DIRECTIONS FOR THIS TASK → Once "Aww Friends x Reddit Collectible Avatars" turns up in a line below, reproduce that line and those after it exactly, stopping after the line with "FEBFOXS Baby Monitor"; leave pictures out.

*** Opening GIVEN ENTRIES ***

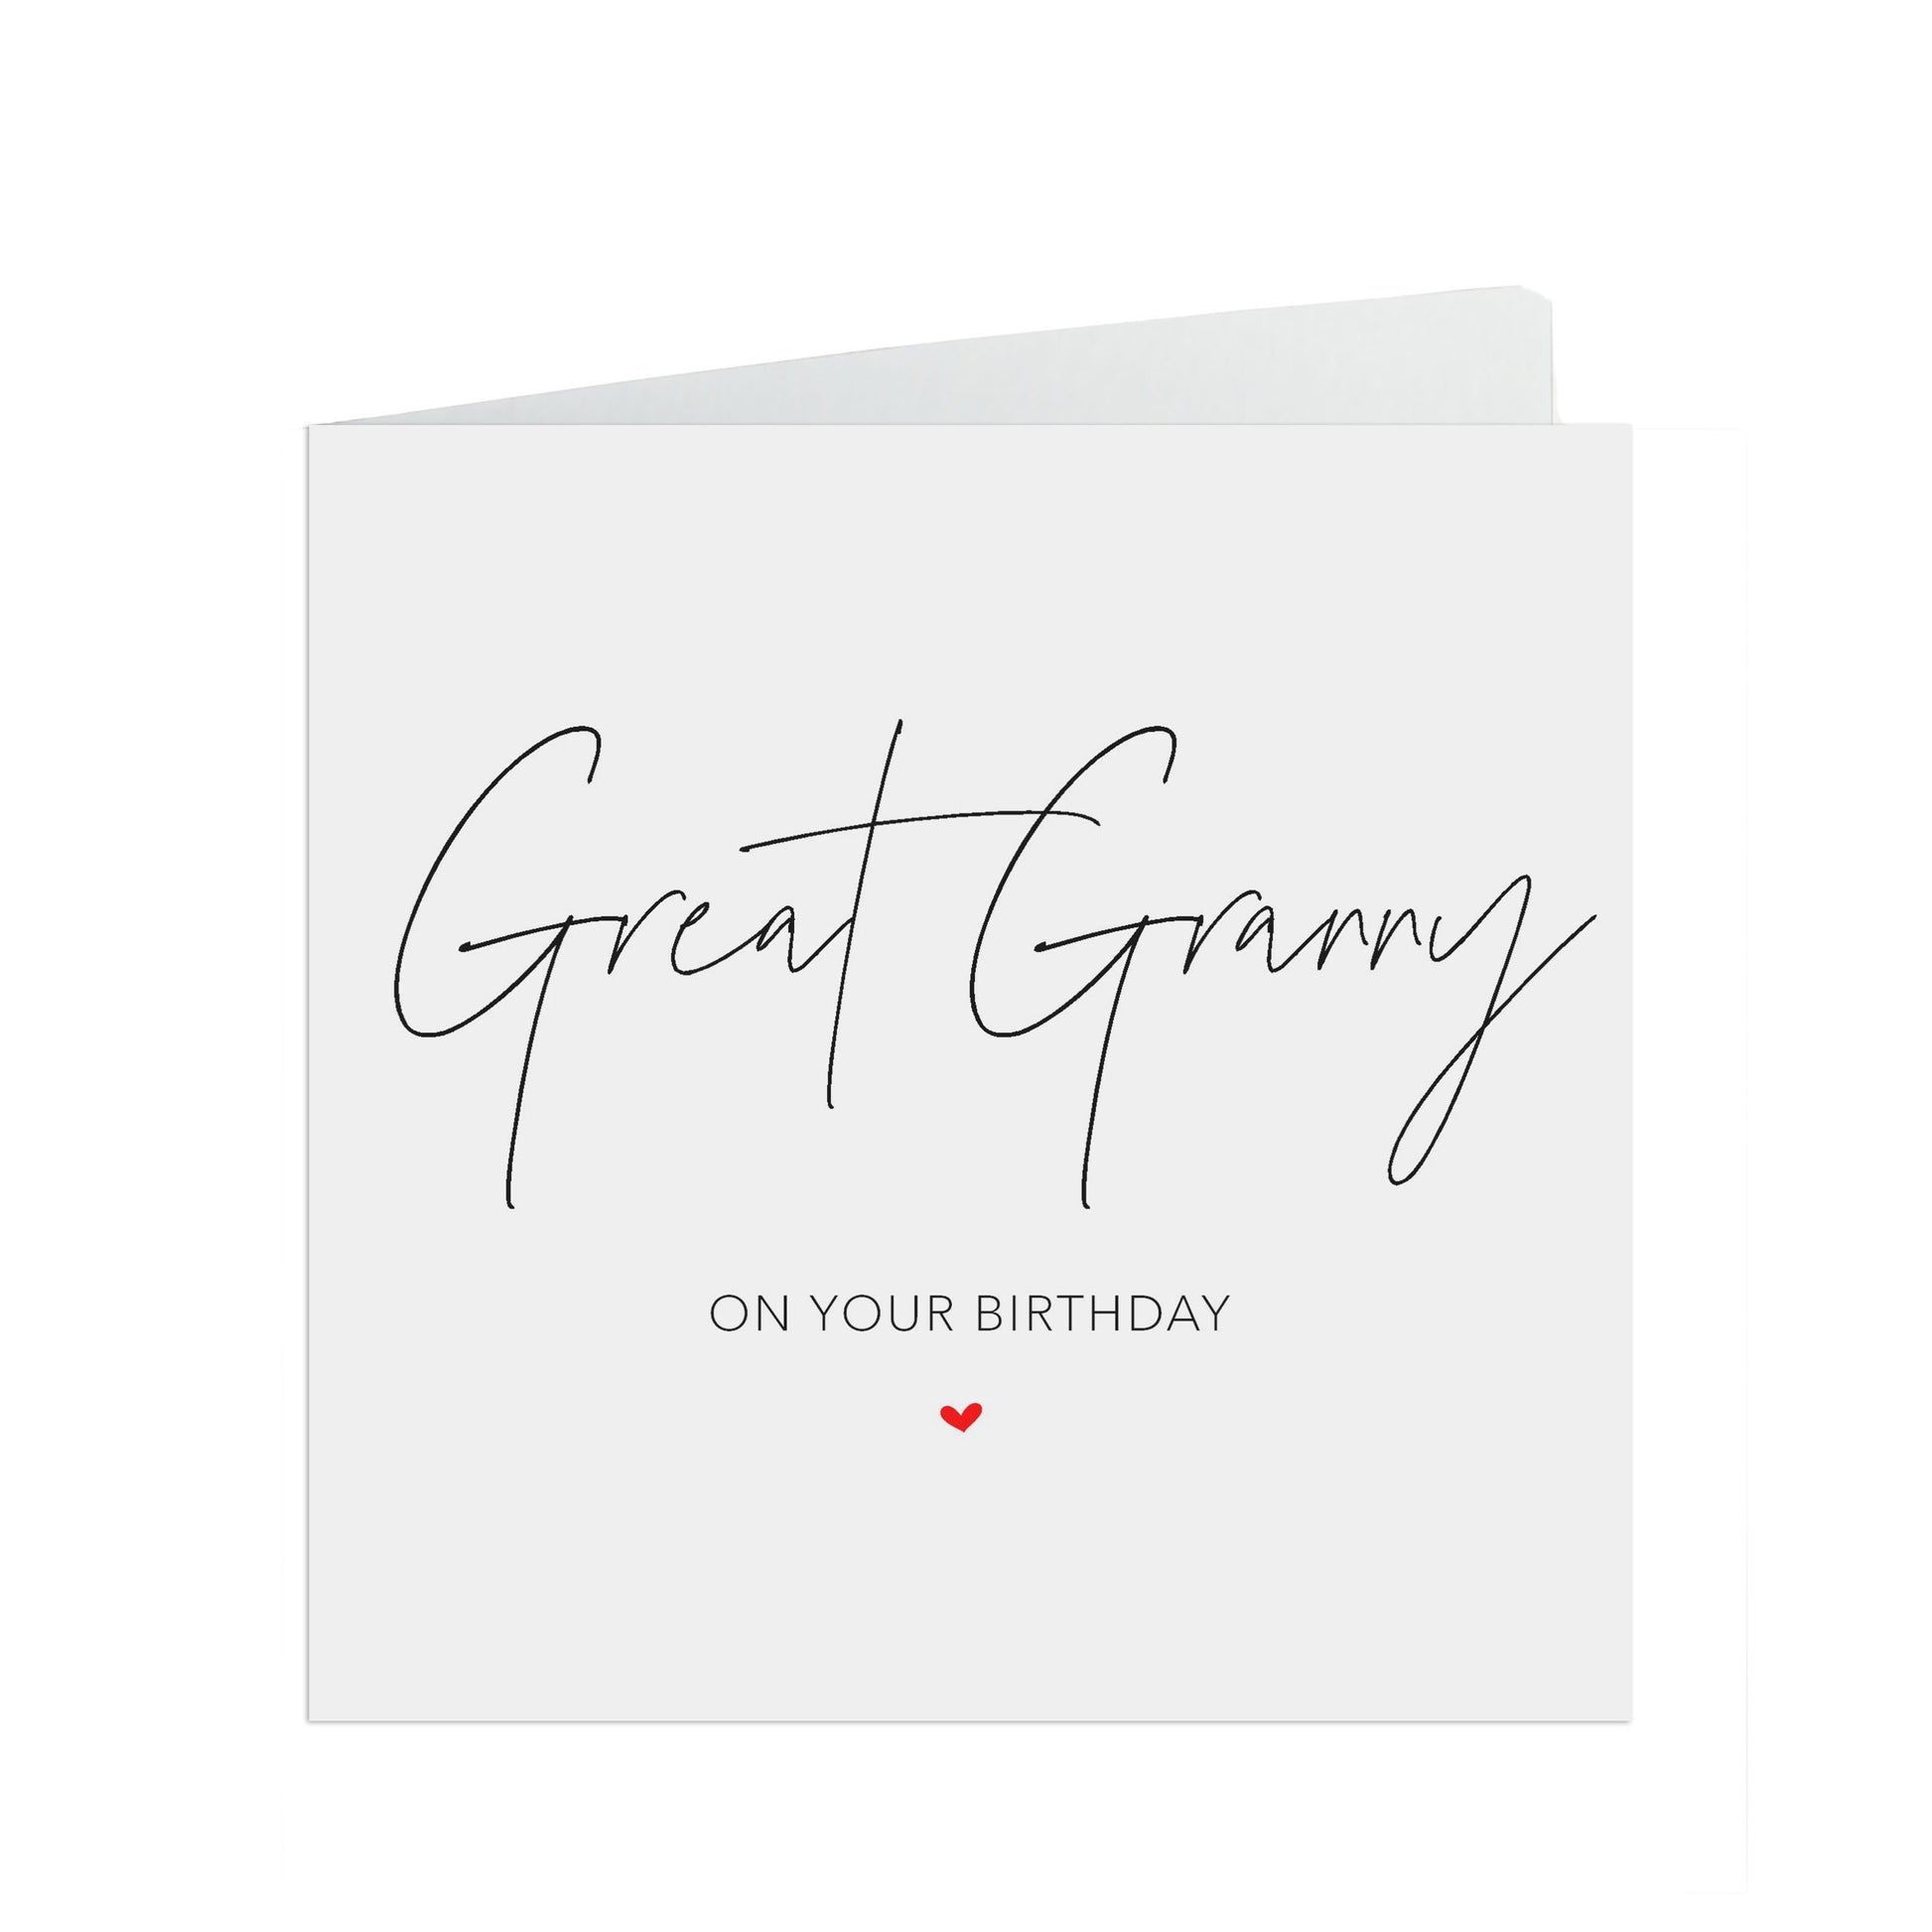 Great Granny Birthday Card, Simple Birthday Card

*** Closing GIVEN ENTRIES ***
*** Opening GIVEN ENTRIES ***

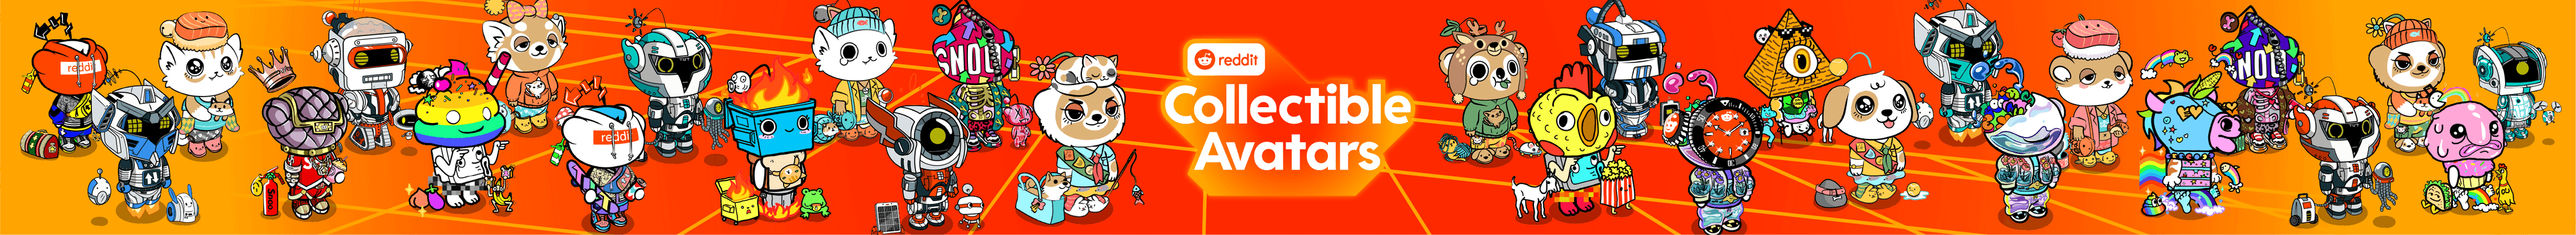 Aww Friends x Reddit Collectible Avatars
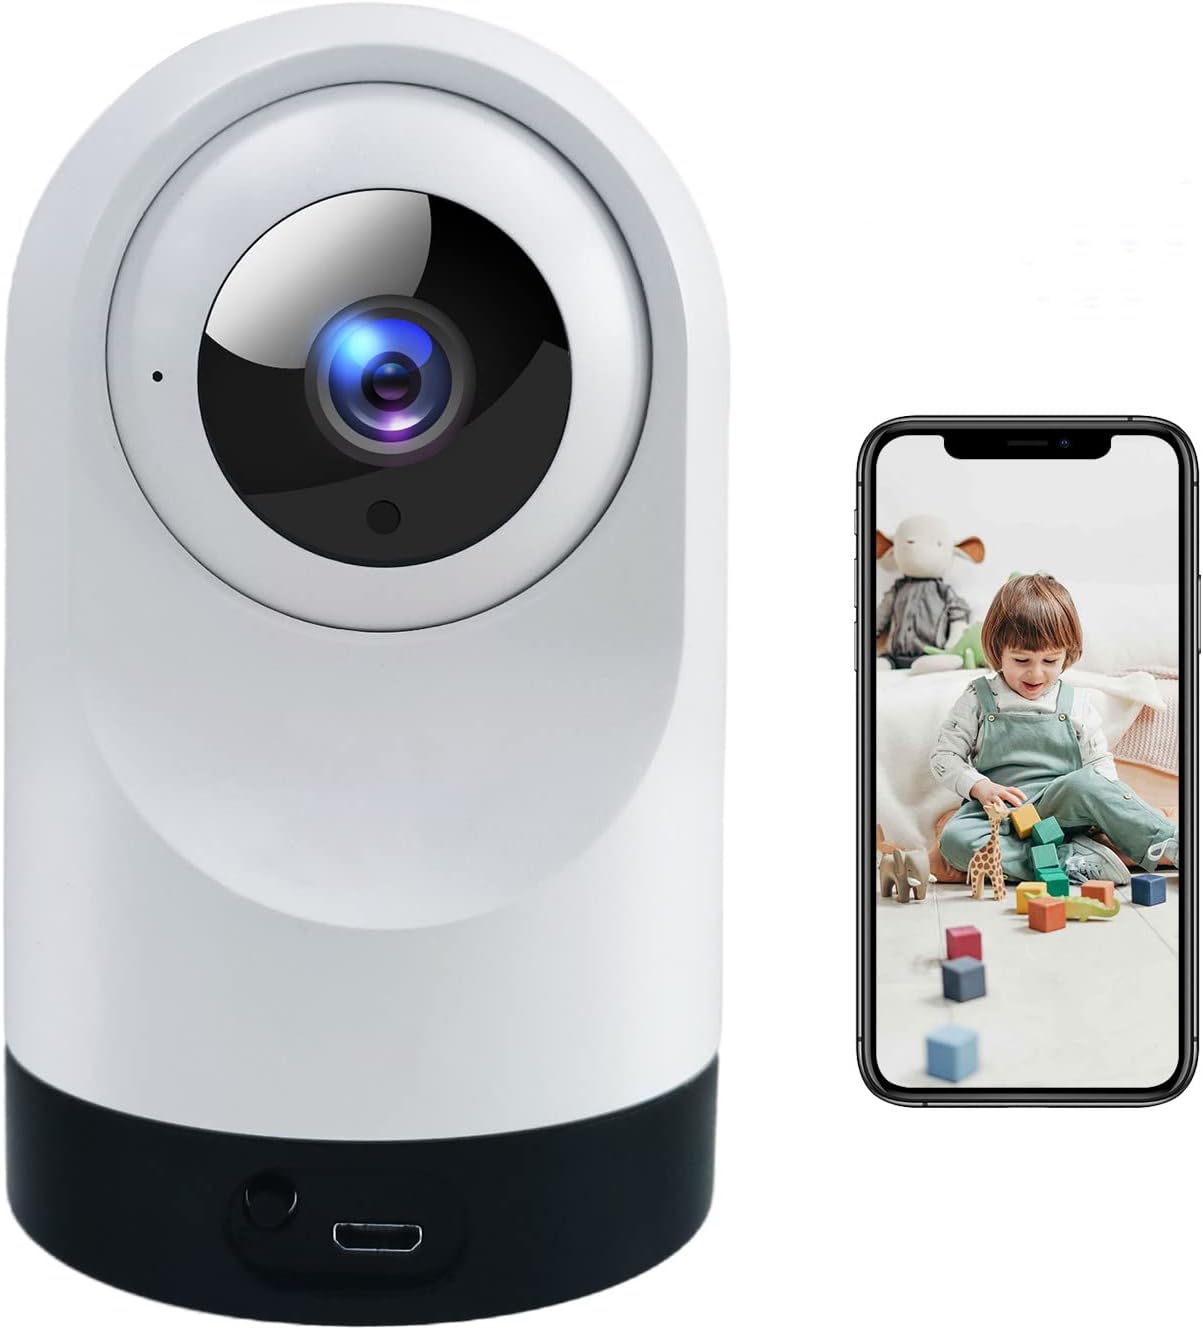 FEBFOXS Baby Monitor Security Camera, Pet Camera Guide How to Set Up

*** Closing GIVEN ENTRIES ***

RESPONSE AREA →
 Aww Friends x Reddit Collectible Avatars
 FEBFOXS Baby Monitor Security Camera, Pet Camera Guide How to Set Up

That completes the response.